45. A method for detecting integration of a transgene into the nuclear DNA of an 8 to 16 cell embryo of a bovine species and replication of said transgene as part of said nuclear DNA, wherein said integration and replication provides for a methylated Dpn I restriction site of said transgene becoming an unmethylated Dpn I restriction site, said method comprising the steps of: a) cloning said embryo by nuclear transfer, thereby producing a multiplicity of cloned embryos; b) removing at least one cell from said cloned embryos, thereby producing at least one viable biopsied embryo; c) treating said nuclear DNA from said removed cell with Dpn I, thereby producing Dpn I restriction fragments of said nuclear DNA; d) amplifying said Dpn I restriction fragments by PCR with PCR primers substantially complementary to sequences on different strands of said transgene and flanking said Dpn I restriction site, thereby forming an amplified transgene; and e) detecting said amplified transgene.

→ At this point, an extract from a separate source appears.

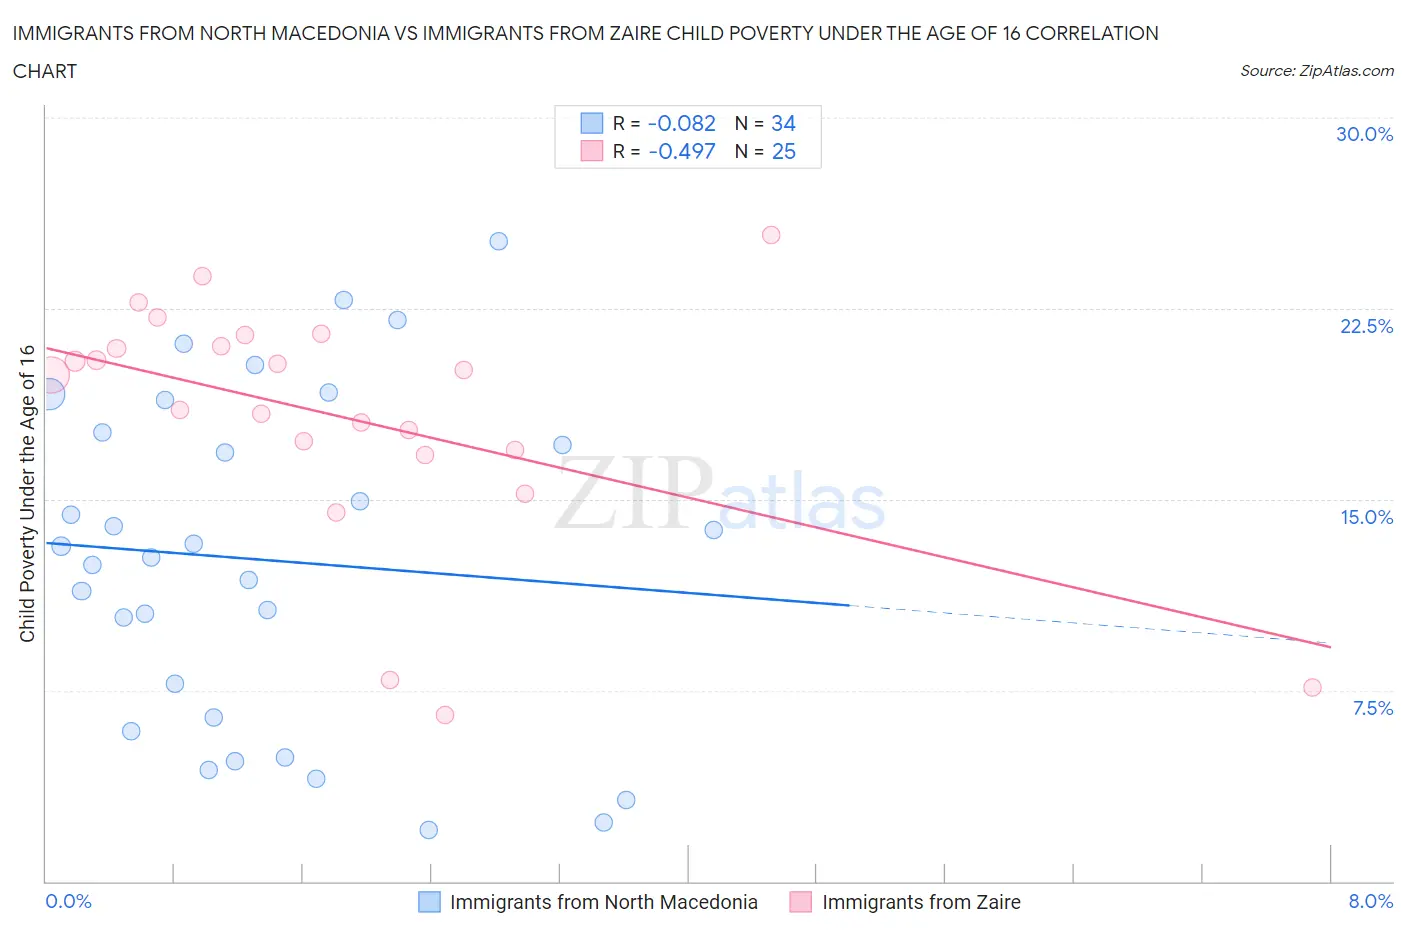 Immigrants from North Macedonia vs Immigrants from Zaire Child Poverty Under the Age of 16

46. A viable biopsied embryo produced according to any of claims 33-44.

47. A method for detecting integration of a transgene into the nuclear DNA of an embryo of an animal and replication of said transgene as part of said nuclear DNA, wherein said integration and replication provides for a methylated restriction site of said transgene becoming an unmethylated restriction site, said method comprising the steps of: a) treating said nuclear DNA from at least one cell from said embryo with a restriction enzyme capable of cleaving said methylated restriction site and incapable of cleaving said unmethylated restriction site, thereby producing restriction fragments of said nuclear DNA; b) amplifying said restriction fragments by PCR with PCR primers substantially complementary to sequences on different strands of said transgene and flanking said unmethylated restriction site, thereby forming an amplified transgene; c) detecting said amplified transgene; d) performing in situ hybridization on at least one metaphase stage cell from said embryo with a nucleic acid probe substantially complementary to said transgene; and e) detecting a hybridization signal on both sister chromatids of a chromosome of said cell.

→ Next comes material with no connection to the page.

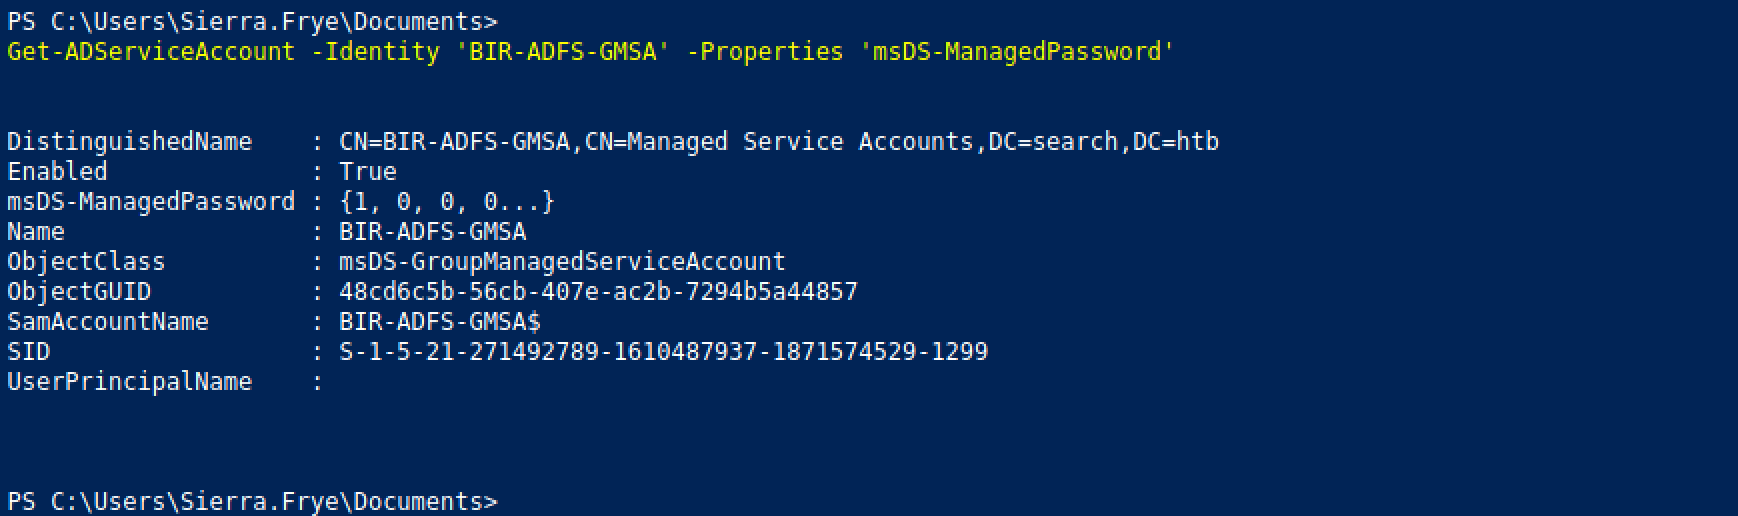 Getting the service account with the Get-ADServiceAccount with the msDS-ManagedPassword attribute.

48. A method for detecting a transgene in an embryo of an animal, said method comprising the steps of: a) cloning said embryo, thereby producing a multiplicity of cloned embryos; b) amplifying DNA from at least one cell of said cloned embryos by PCR, thereby forming an amplified transgene; c) detecting said amplified transgene; d) performing in situ hybridization at least one cell from said cloned embryos with a nucleic acid probe substantially complementary to said transgene; and e) detecting a hybridization signal in a nucleus of said cell.

49. A method according to claims 44-48, further comprising the step of determining the sex of the embryo.

50. A viable embryo produced according to any of claims 44-49.